The British are not a people that wise individuals mess with. After the Hitler/Stalin pact and the defeat of France, they stood alone against the Nazi behemoth. My sympathies and prayers are with the people of London.


----------



## sgtmac_46 (Jul 15, 2005)

shesulsa said:
			
		

> Londoners have begun a grass roots movement in a bold statement to the terrorists who attempted to wreak havoc in their lives. Thousands of pictures are coming in from all over the country sending the message that the terrorists have failed at their game of intimidation.
> 
> I think they've got more huevos than we do. We scattered like frightened sheep, screamed, panicked and forfeited civil liberties. Brits are thumbing nose.
> 
> http://www.werenotafraid.com/


 Lets not make this about "Us or them". I actually find it offensive that you claim that the US "scattered like frightened sheep, screamed, panicked and forfeited civil liberties." I think that's offensive to those who carried on in the direct aftermath of 9/11, which by the way cost the lives of over 3,000 people. I don't recall myself or anyone I know scattering like "frightened sheep".  Of course i'm sure that is not the way you meant that to sound.  It did, however, strike a bit of a nerve in the way that it was worded.  
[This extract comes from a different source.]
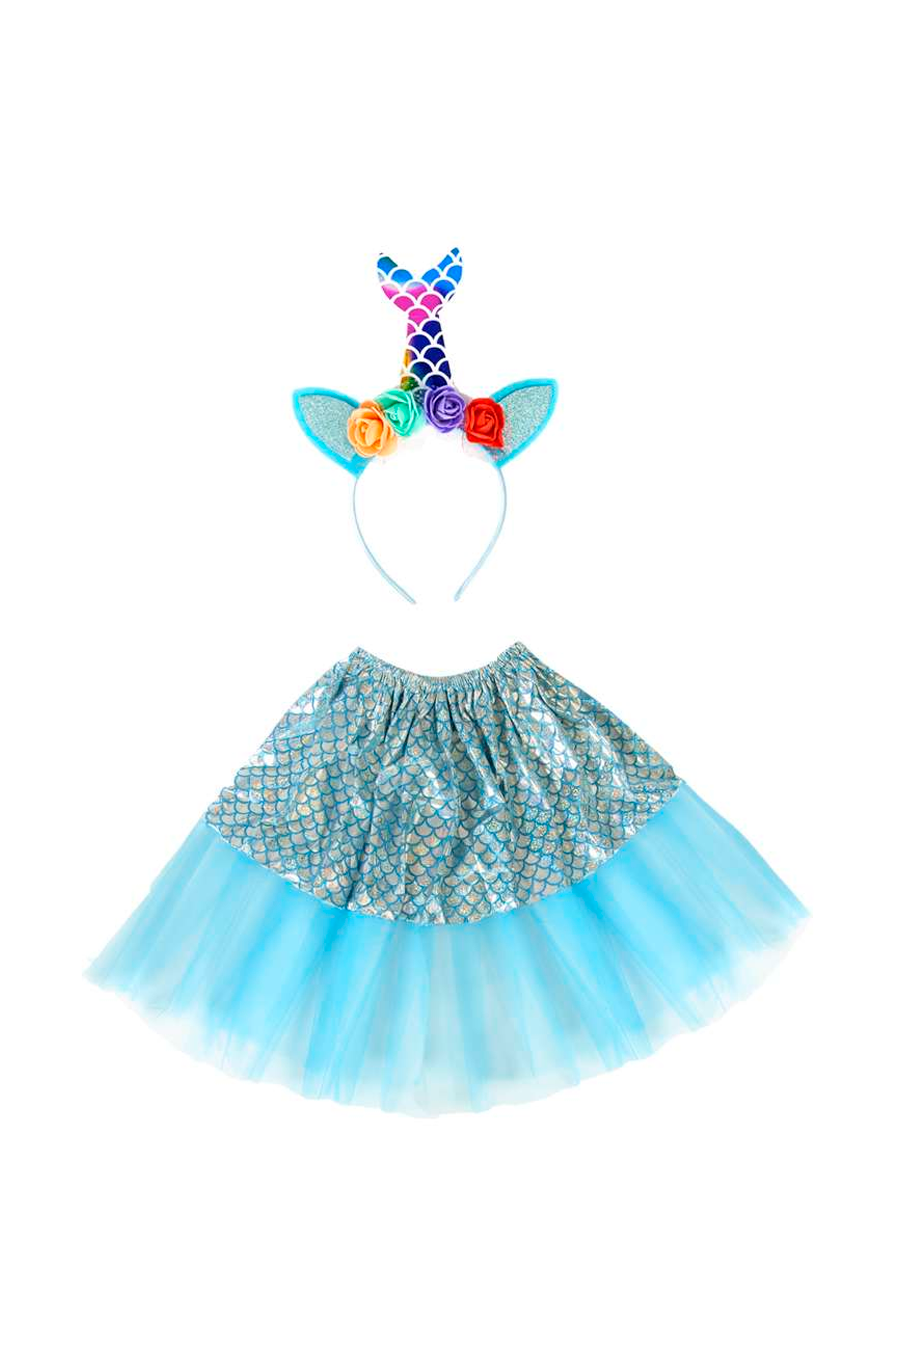 Fantasia de Sereia Infantil Azul Com Cauda Carnaval

As for the British people, they have nobly assisted us in the war on terror, and they continue to do so. Unfortunately, they had grown rather complacent in the idea that it was Islam versus the US and they really didn't have anything personally to fear. The irony of Britains bombings are similar intelligence failures as the US, lent mostly from their lack of responsiveness to real threats within their muslim community.

That having been said, we stand with the British people as they stood with us in the aftermath of 9/11 and for a long time before.

The myth that many American's have apparently taken as truth is that the Patriot Act in some way made us more repressive than European police agencies. In reality, the security agencies of many European nations have far broader powers than the US even under the Patriot Act. For example, many European Intelligence Agencies are allowed to operate within the country, a reality denied the CIA.


----------



## KenpoEMT (Jul 15, 2005)

:mp5: No Fear! :whip: 

            :2xBird2:


----------



## Tgace (Jul 15, 2005)

sgtmac_46 said:
			
		

> The myth that many American's have apparently taken as truth is that the Patriot Act in some way made us more repressive than European police agencies. In reality, the security agencies of many European nations have far broader powers than the US even under the Patriot Act. For example, many European Intelligence Agencies are allowed to operate within the country, a reality denied the CIA.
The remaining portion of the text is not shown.